HOW TO FACTOR 20X^2+23X-21 STEP BY STEP
you have
20x^2 + 23x - 21
if p/q is a root, then p divides 21 and q divides 24. So, there will be lots of things to try.
since the 20 and 23 are sort of close to each other, try factors of 20 that are sort of close: 4 and 5
(4x+?)(5x-?) or (4x-?)(5x+?)
the ?'s will divide 21, but it's basically trial and error. A bit of effort will show that (4x+7)(5x-3) works
Usually with messy one like this, the good old quadratic formula is easiest
x = (-23 ± √(23^2 + 4*20*21))/40
x = (-23 ± √(2209))/40
x = (-23 ± 47)/40
x = 24/40 or -70/40
so,
(40x-24) = 0
(40x+70) = 0
pull out factors to get
(5x-3) = 0
(4x+7) = 0
Those are the factor
To factor the quadratic expression 20x^2 + 23x - 21 step-by-step, follow these steps:
Step 1: Determine if the expression can be factored using the AC method. The coefficient of the x^2 term is 20, and the constant term is -21. Multiply these two values: 20 * -21 = -420.

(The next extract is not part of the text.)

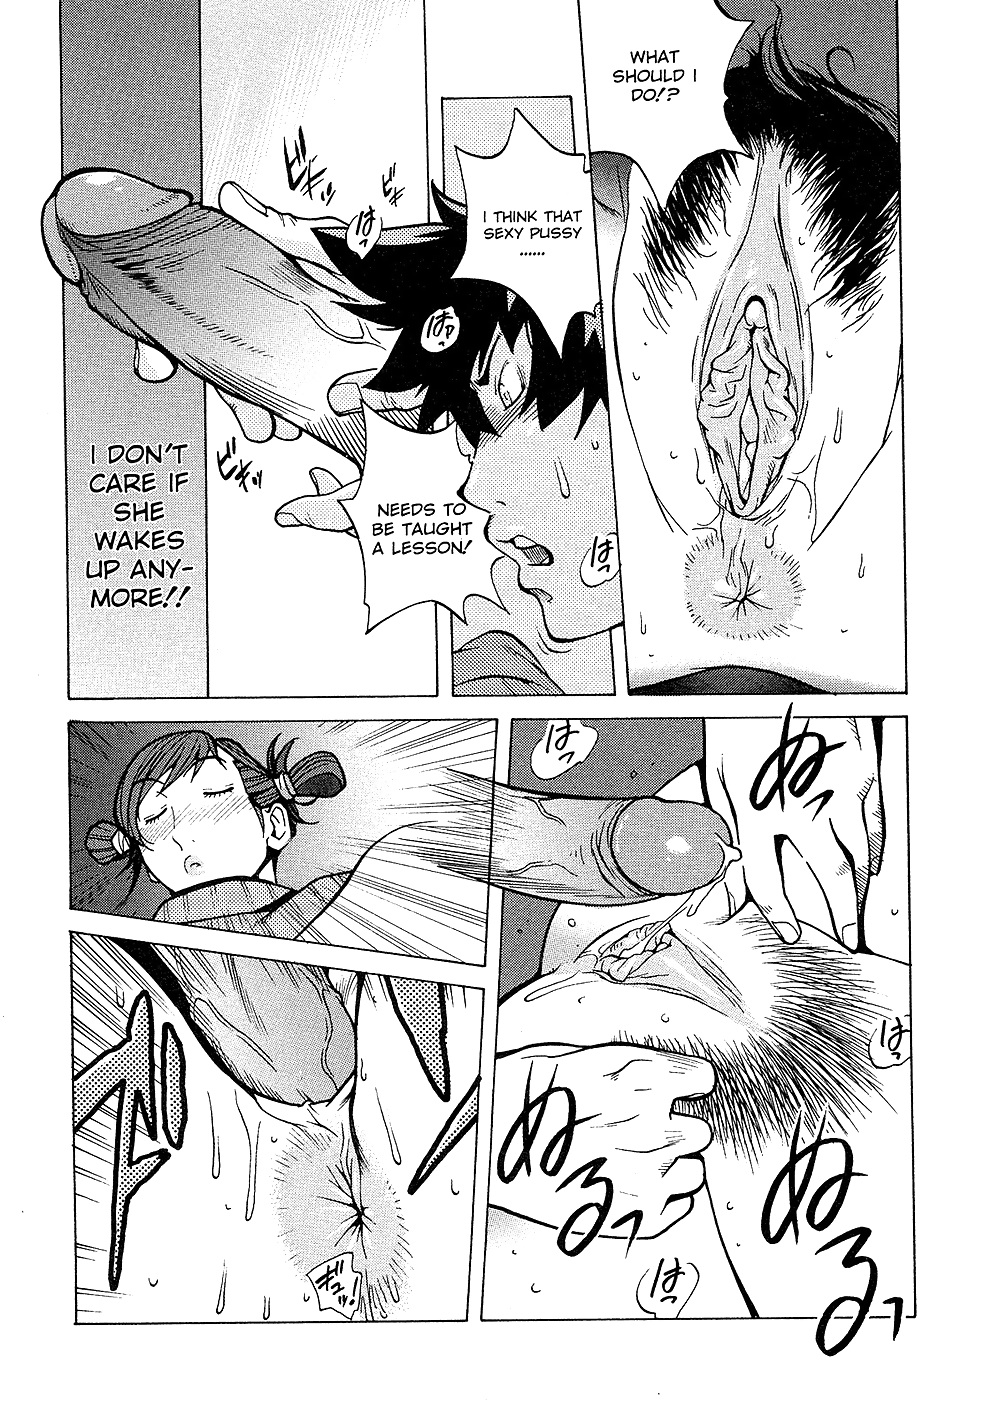 (comic hentai) yumisuke kotoyoshi erotic works #2
 #21624091

Step 2: Look for two numbers whose product is equal to -420 and whose sum is equal to the coefficient of the x term (23). After analyzing the factors of -420, we find that the numbers 28 and -15 satisfy this condition.
Step 3: Rewrite the middle term (23x) using the two numbers found in Step 2. Replace the middle term of the expression 20x^2 + 23x - 21 with +28x - 15x.
20x^2 + 28x - 15x - 21
Step 4: Group the terms in pairs, using parentheses.
(20x^2 + 28x) + (-15x - 21)
Step 5: Factor out the greatest common factor from each pair.
4x(5x + 7) - 3(5x + 7)
Step 6: Notice that in both terms, 5x + 7 appears as a common factor. Factor this out.
(4x - 3)(5x + 7)
Therefore, the factored form of the expression 20x^2 + 23x - 21 is (4x - 3)(5x + 7).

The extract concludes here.